One night, my father and mother had a quarrel. It was about our future. My mother was blaming him for our poverty. Had he not stood on his principles, we would have enjoyed receiving a military pension. He would have had money to send us to high school. We would not have to miss a meal. We would not have to squat on someone’s land. The argument became so heated that my father decided to leave. He packed up a luggage and headed to the bus station. I followed him, crying and begging for him to stay. It was providential that the bus was delayed. Till midnight, we were looking at each other. My tears dried up and the bus did not come. He finally relented. He took my hand, I carried the luggage, and we both went back home. His was the first marriage I was able to help save.

Later it was my turn to run away from home, not to spite my family, but to seek my future. When I read the parable of the prodigal son in the bible (Luke 15:11-32), I did not resonate with it personally. I was the runaway child but my father did not have material inheritance for me to squander. I suffered being homeless and alone in the big city of Manila but I was fortunate to finally land a job, obtain higher education and improve myself. When I returned home, years later, it was not to regain a gold ring or to enjoy a feast of fatted calf, like the returning prodigal. It was to buy that piece of land for our house, to help my siblings go to school and to pay for the treatment of my father’s tuberculosis. In one of his wartime stories, he talked about his favorite meal in the barracks, “pork luncheon meat.” I brought a whole box of canned pork luncheon meat. They lasted a few weeks, to his heart’s content.

I believe my own ideas and ideals were both a combination of my father’s idealism and my Mom’s pragmatism. In college, in the ‘70’s, I was one of the leaders in the National Union of Students of the Philippines (NUSP) and the College Editors’ Guild and our mantra was towards a “truly free, truly human and truly Christian Philippine society.” While obviously it was an influence from the Jesuits, whom our NUSP President, the national youth leader, Edgar Jopson embodied, it was also one that resonated within me. While I was doing a “teach in” on Marxist’s “dialectical materialism” using Mao’s Red Book, I was actually wondering whether a godless societal development was right. When martial law was declared in 1972, it was a deciding moment for the moderates: some went to the hills and became communists while others acquiesced and worked with the government. I went to the church and later entered seminary.

At seminary, I had a visit from Jopson (who would later die from a military raid) and he asked why I wanted to be a priest, thinking it was simply taking a refuge. I responded that I heeded the call from my three fathers: my Heavenly Father (God), my spiritual Father (the priest who ‘adopted’ and helped me go to college), and my earthly Father (my Dad).

For the short time that I had lived with my Dad and family (because I was a stow-away), the memory of him as a highly principled man never left me.
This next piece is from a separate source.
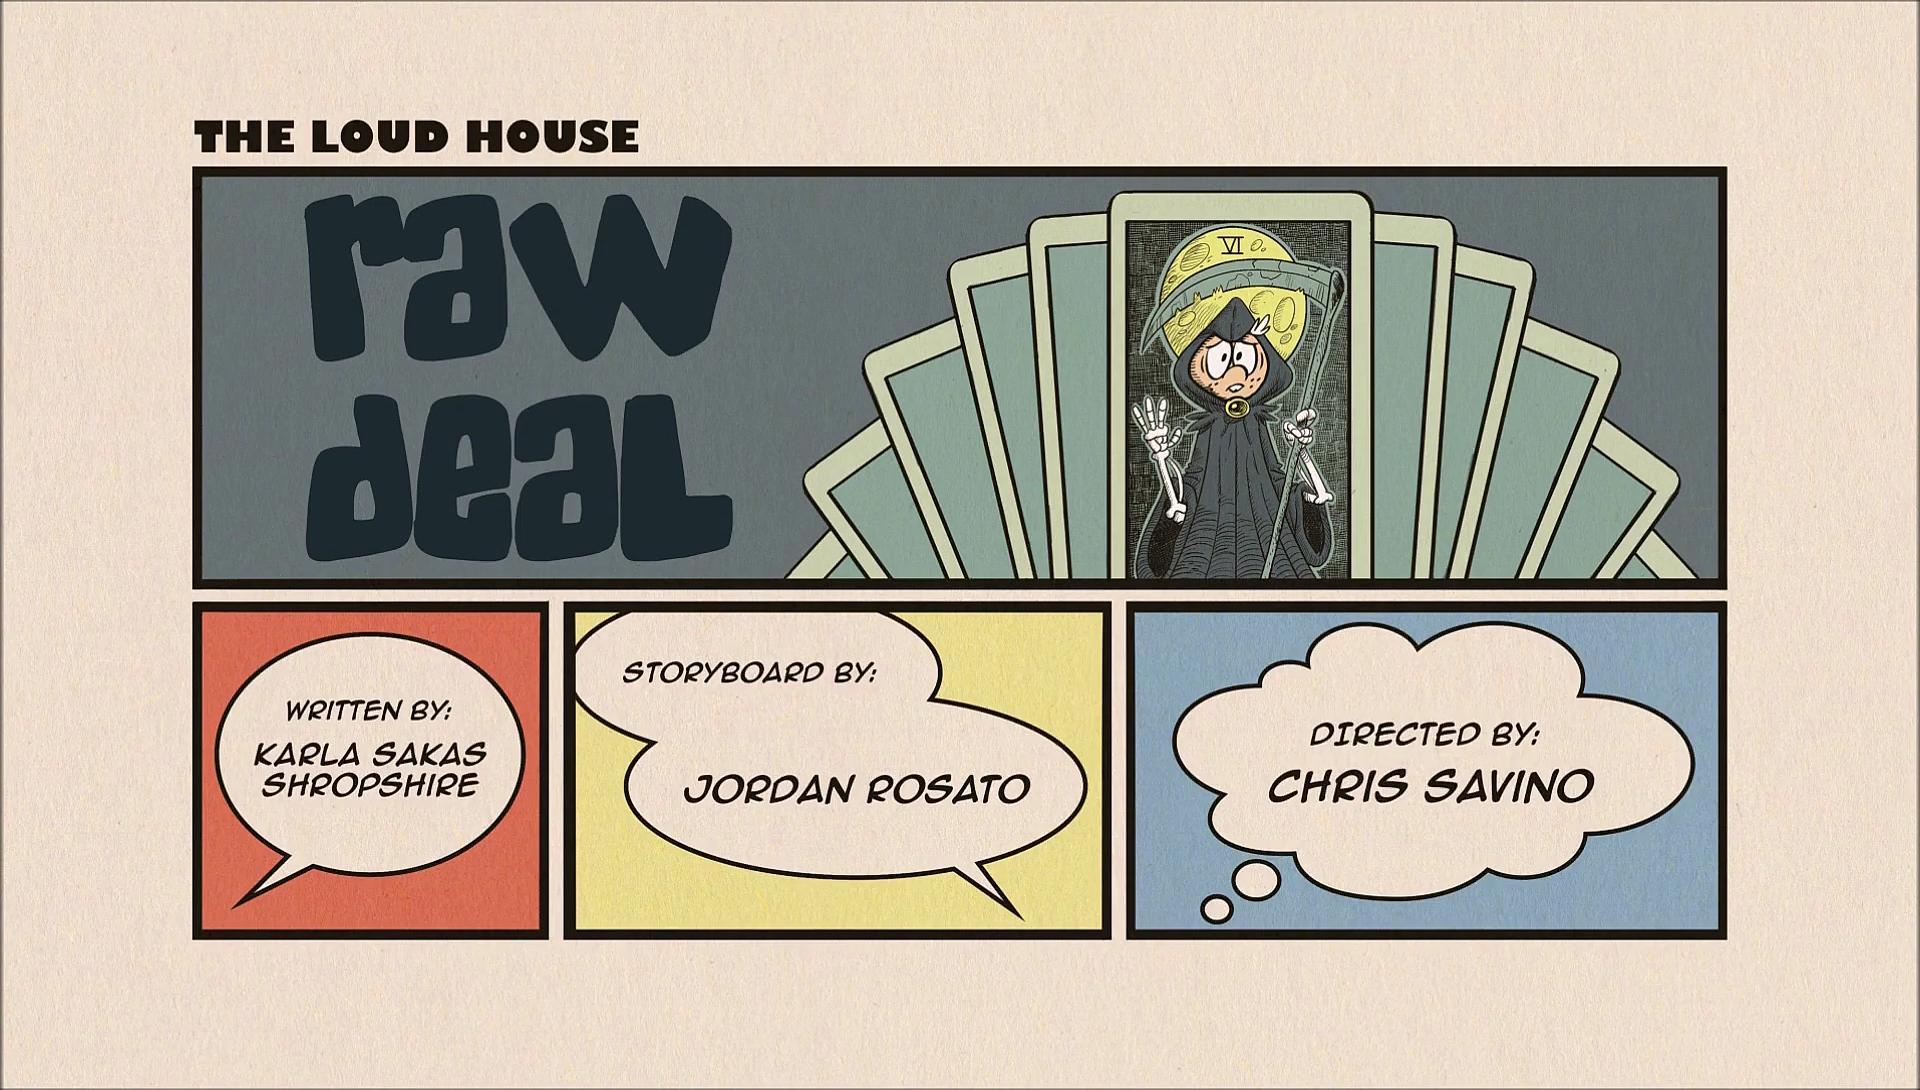 Raw Deal The Loud House Encyclopedia FANDOM powered by

Priesthood does not promise a bed of roses nor threaten a bed of nails but it offers plenty of principles to live by. To paraphrase Frederick Buechner, “vocation is where the world’s greatest need and your deepest joy meet” and I found the vocation of priesthood as a fulfillment of my Dad’s idealism and my Mom's practicality.

I was a missionary clergy in Singapore when I learned that my father was gravely-ill. I hurried to return home once again but my plane was delayed. I finally arrived but he was gone to be with the Lord. His last words were one of thanksgiving. My youngest brother said he died with a smile for he knew I was coming and we are much better than we were before. I remain a priest in gratitude to God, our heavenly Father, who makes all things possible, and who makes His children’s dreams come true.